Disaster averted on we went.  Soon the Navigator Wars started.  We travel with a variety of navigational aids; a standard car GPS (Garmin Nuvii) dubbed Jill, a trucker’s GPS app on the iPad called John and a paper 2009 trucker’s atlas we inherited with the rig which is the Human Navigator’s backup source.  John and Jill disagreed on the next highway and turn.  It could be critical since as some point we’d have to cross a river and bridge height and weight limits make a difference to us.  The Human Navigator (HN) tended to side with Jill, and was trying to persuade John by changing his destination and routing.  Regardless of the changes, John was adamant.  The danger in giving names to inanimate objects is that take on a personality of their own.  We all remember Hal in 2001 A Space Odyssey, right?  So HN was ragging at John saying, “what’s the matter with you, I just don’t understand”, and “don’t be an idiot John”, etc.  I tend to side with John in these disputes because I figure he’s more current than the atlas and more truck-oriented than Jill, but I always defer to the HN decision because I’m driving and can’t see all the info.  So Jill, John and HN quibbled, snarled, sniped and argued for the next 30 miles until it was decision point.  Grudgingly, HN deferred to John and off we went.

15 miles of construction, a 15 minute delay at a train crossing and one construction detour and I had to concede that maybe it wasn’t John’s best day but finally we crossed into Texas.  And we’ll never know what perils we might have encountered on Jill’s route. 

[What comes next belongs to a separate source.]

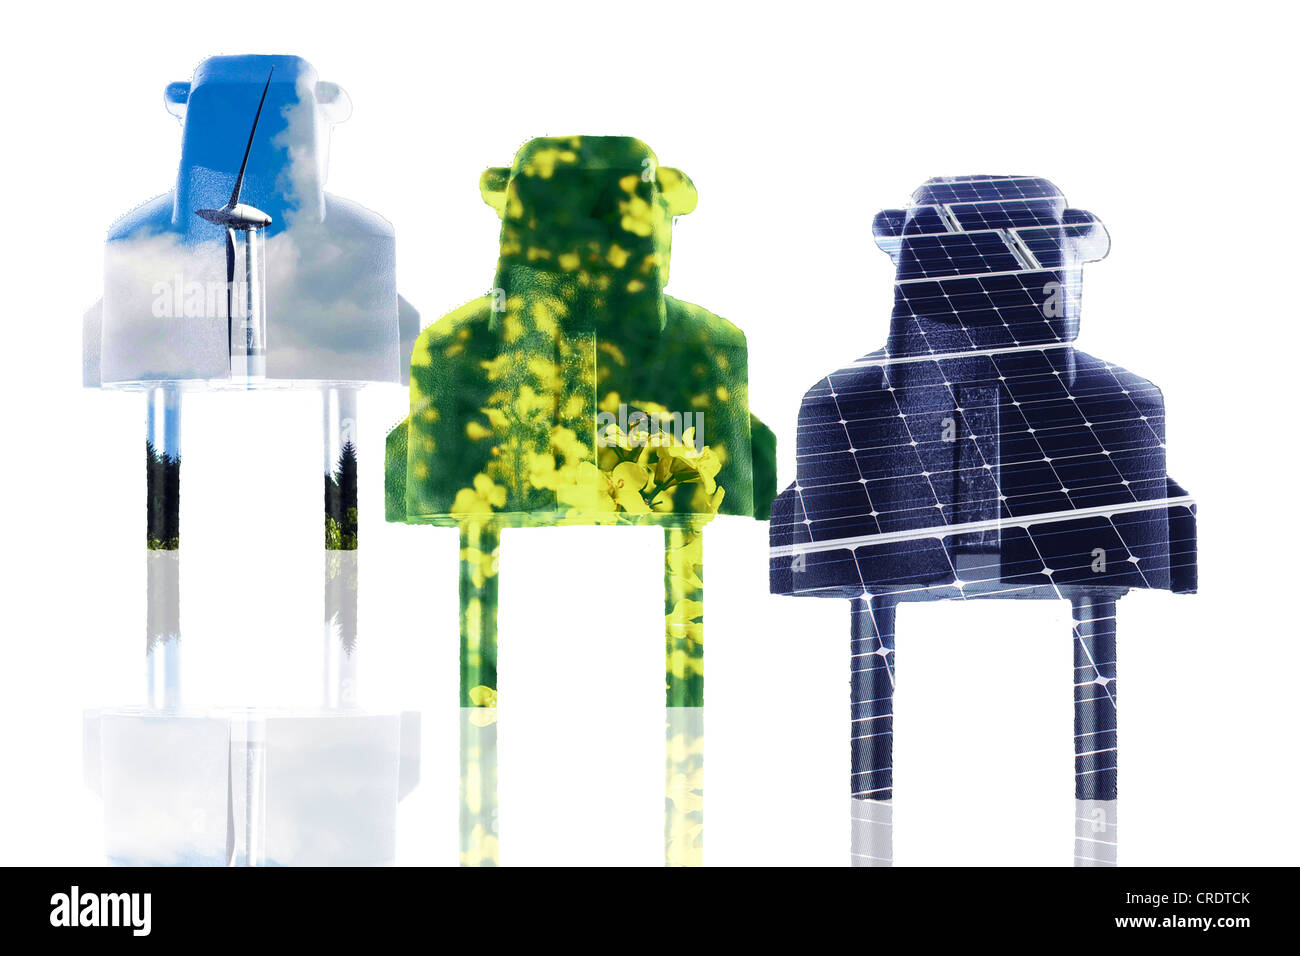 Abbildung, Power-Stecker, symbolisches Bild für erneuerbare Energien Stockfoto

Jill restored to the place of honor

 2 hours later we were at Lake Livingston State Park in Livingston, TX.  It was an 8 hour driving day; scary, exhausting and occasionally a bit tense, but we had survived to camp another day.  Our site is on the lake and very scenic.  The park is very empty this week and we’re here for 3 nights.  Plenty of time to recover.

1 comment:

  1. Katie is pretty modest about what was a brilliant and instantaneous decision to veer of the rising expressway onto a little side service offramp at the last possible minute. Her heroics may have saved our and/or Chuck's lives.